La fête de Noël fait souvent irruption dans notre quotidien, sans que nous ayons pris le temps de nous y préparer. Noël est la fête de la patience récompensée, de la gratuité d’un amour venu à nous. Noël, c’est le temps où l’on peut prendre conscience que le don est l’essentiel de notre vie.

Pour beaucoup de nos contemporains, Noël est avant tout une fête de famille et non une fête religieuse. Chacun a sans doute parcouru les villes débordantes de monde à la recherche du cadeau à offrir. Trouver le cadeau idoine qui fera plaisir à la grande tante ou au petit frère qui à tout.

Ne pourrions-nous pas plutôt réfléchir à ceux qui n’ont pas abondance de biens et s’efforce à offrir qu’une petite chose à Noël ? Il ne s’agit pas d’offrir beaucoup, de dépenser de grosses sommes d’argent mais d’essayer, par notre attitude, notre présence de dire quelque chose de l’amour, de l’affection, de l’intérêt que l’on porte à la personne à qui l’on offre un présent. Le plus beau cadeau que l’on puisse lui offrir, ne serait-ce pas que nous puissions pleinement être disponibles à la rencontre avec lui, à découvrir sa beauté intérieure ?

Entrer dans la dynamique du don

Cette fête de Noël doit nous aider à essayer d’éradiquer de notre cœur tout ce qui est puissance, autoritarisme et tout ce qui peut nous conduire à l’égoïsme. Notre société met en avant le chacun pour soi et oublie le chacun pour tous. Le chrétien doit lutter de toutes ses forces contre cette tentation. Il est invité au respect bienveillant avec chacun et surtout le plus fragile, celui qui n’a pas de grands moyens pour se défendre.

Le Père a choisi de donner son fils aux Hommes dans l’humilité de la crèche, rejeté de toutes les auberges. Notre Dieu rejette tout ce qui est puissance à la manière des Hommes. Sa force réside dans la douceur de son Amour. Cet Amour qui l’a conduit à offrir son propre fils pour chacun de nous.
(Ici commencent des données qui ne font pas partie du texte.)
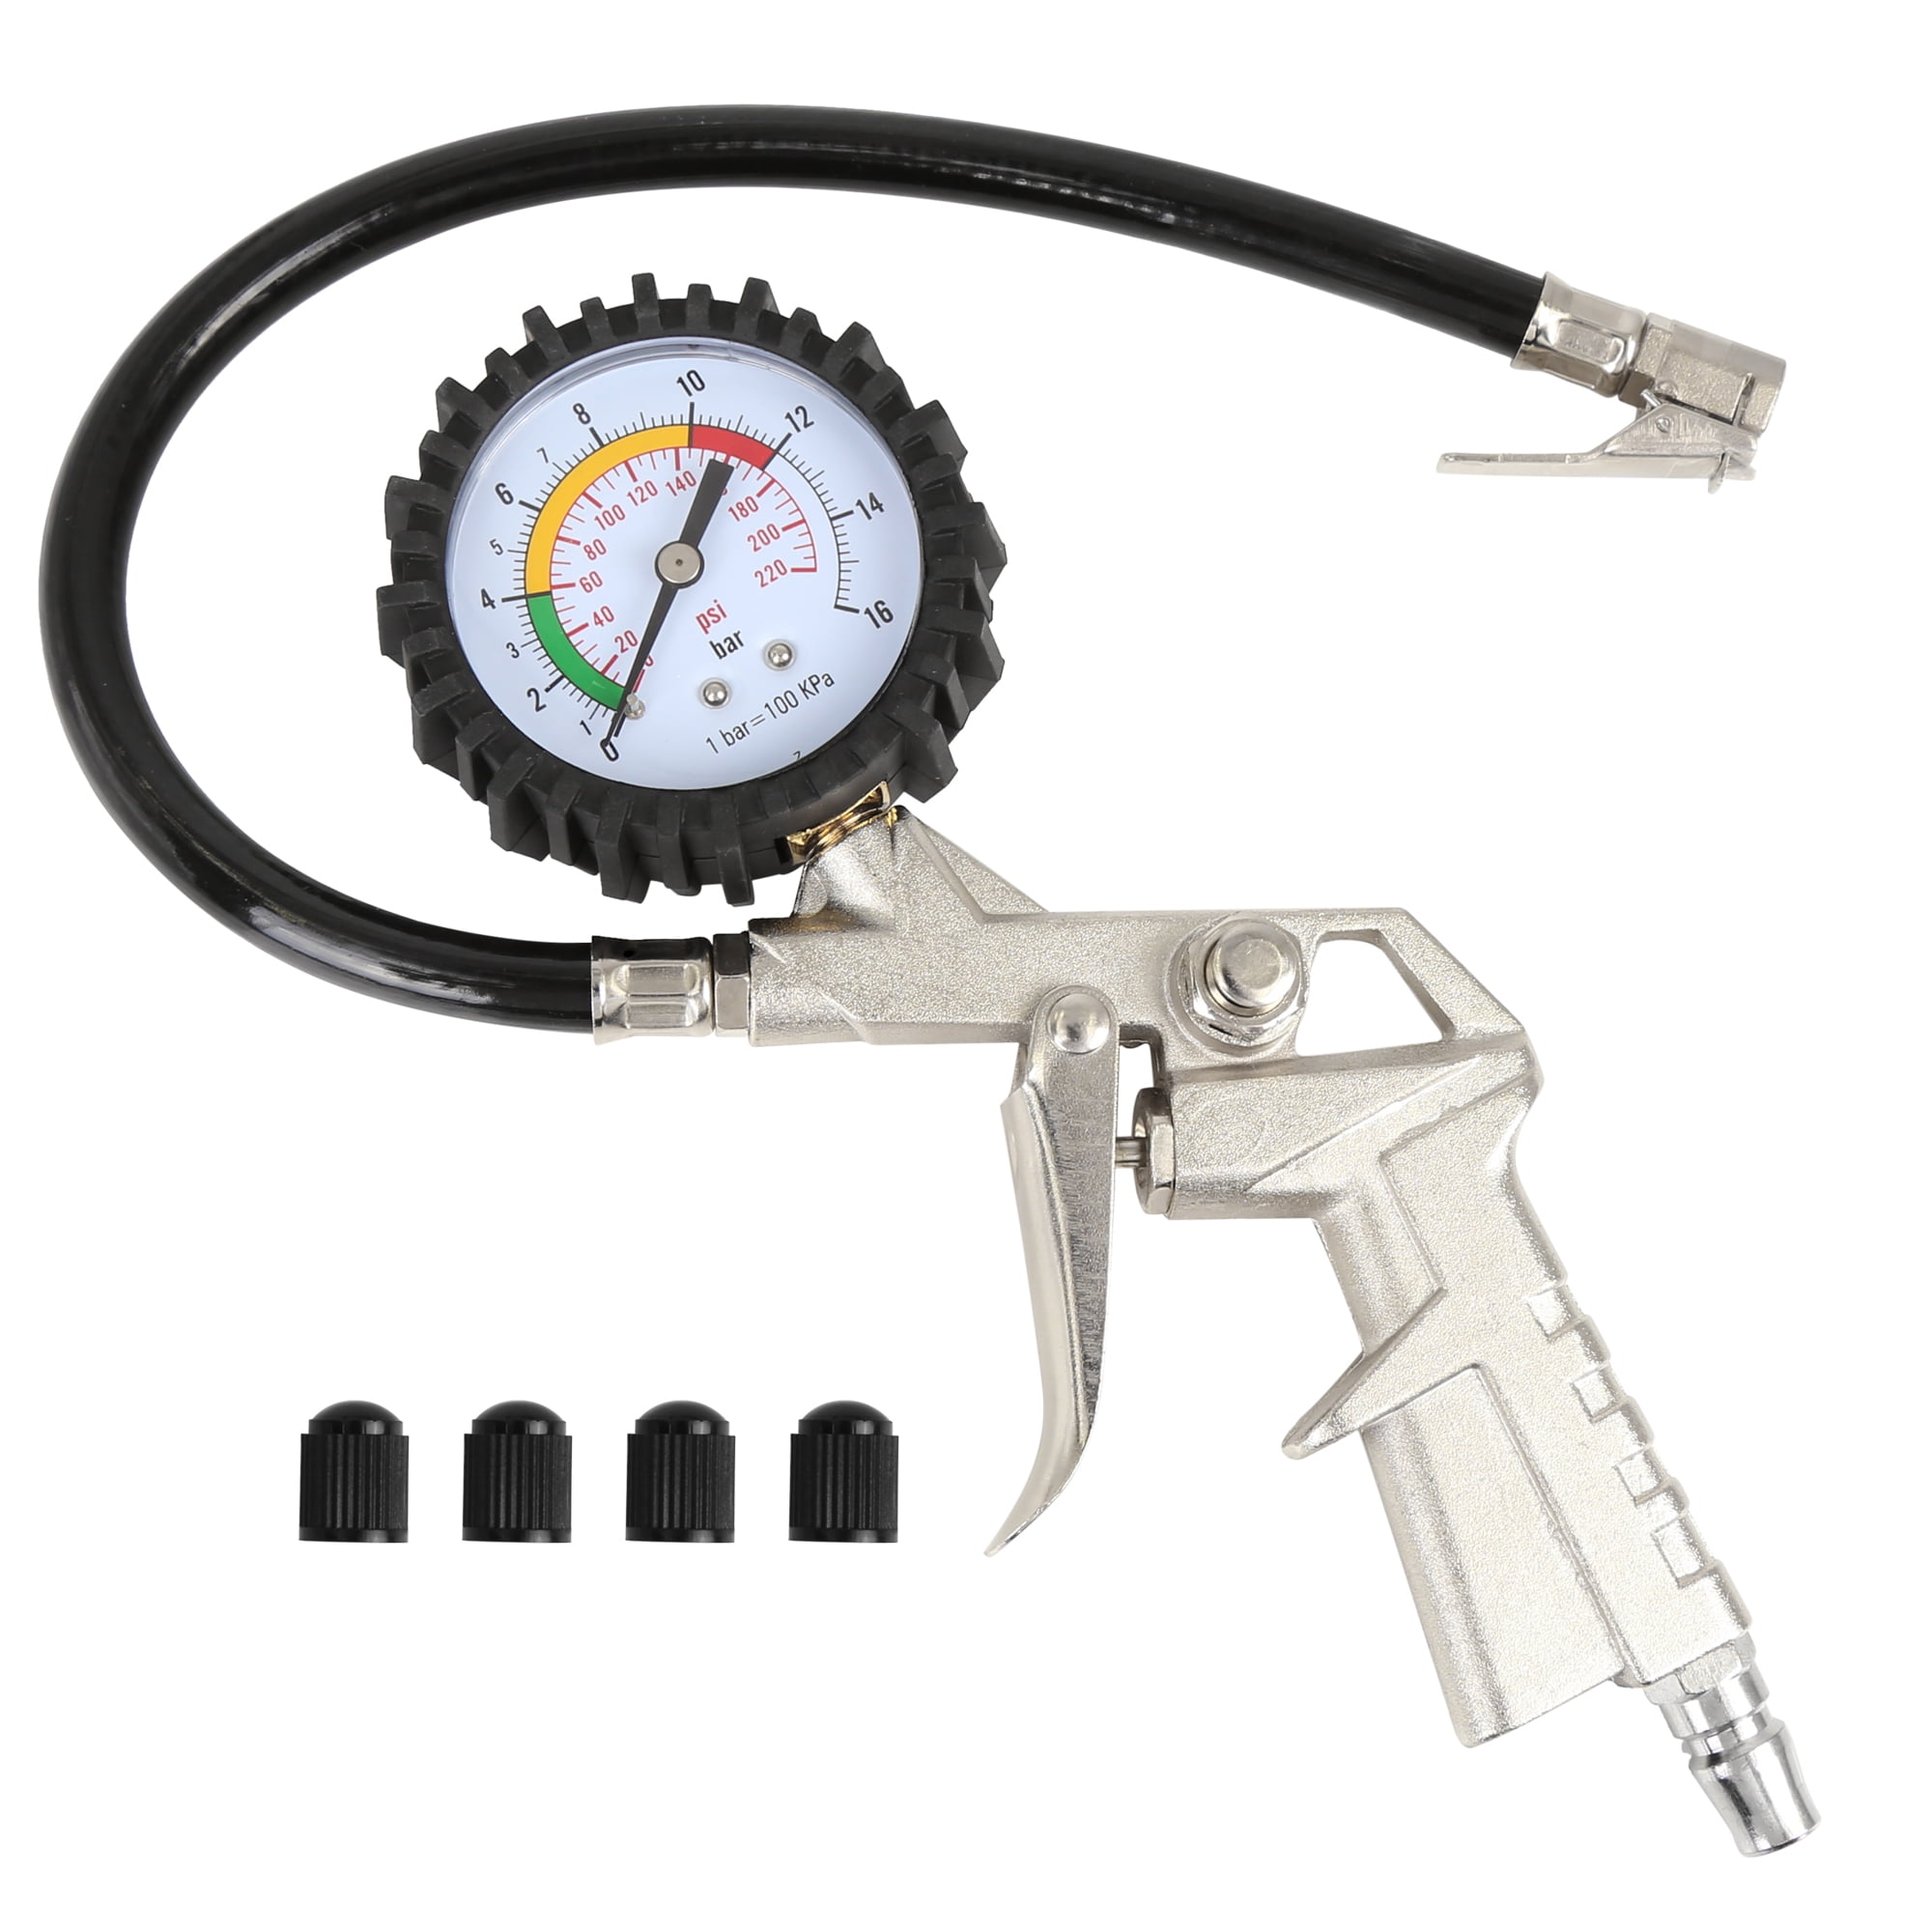 Tire Inflation Gauge Tire Inflator Tire Pressure Gauge Tire Pressure Gauge Air Pressure Gauge High Precision 220 PSI for Car Motorcycle Passenger Car Truck Tire Inflation Gauge

Découvrir la joie d’être aimé

Même à Noël, les visages de nos contemporains ont l’air triste et préoccupé. Bien sûr, il y a beaucoup de bonnes raisons pour être inquiets et tourmentés. Notre monde ne va pas forcément au mieux et beaucoup s’interrogent, avec pertinence, sur l’avenir. A Noël, nous devrions pouvoir être capables de nous laisser dépasser ce quotidien, le temps d’une journée, pour nous ouvrir à la joie. Cette joie que nous avons d’être considéré comme aimables car nous ne serons pas seul ce jour-là. Cette joie de nous savoir rejoints par Dieu qui veut notre bonheur. Ce bonheur consiste d’abord à le recevoir comme le Sauveur, celui qui me met debout et me considère comme digne d’intérêt. A Noël, Dieu configure son fils à l’image des hommes, hormis le pêché. Nous devenons ainsi des fils de Dieu et par conséquent entrons dans la joie du Père. Noël, avant d’être une fête de l’abondance de biens, de cadeaux en toutes sortes, doit être celle de l’abondance de considération, de la présence gratuite de l’autre pour l’autre.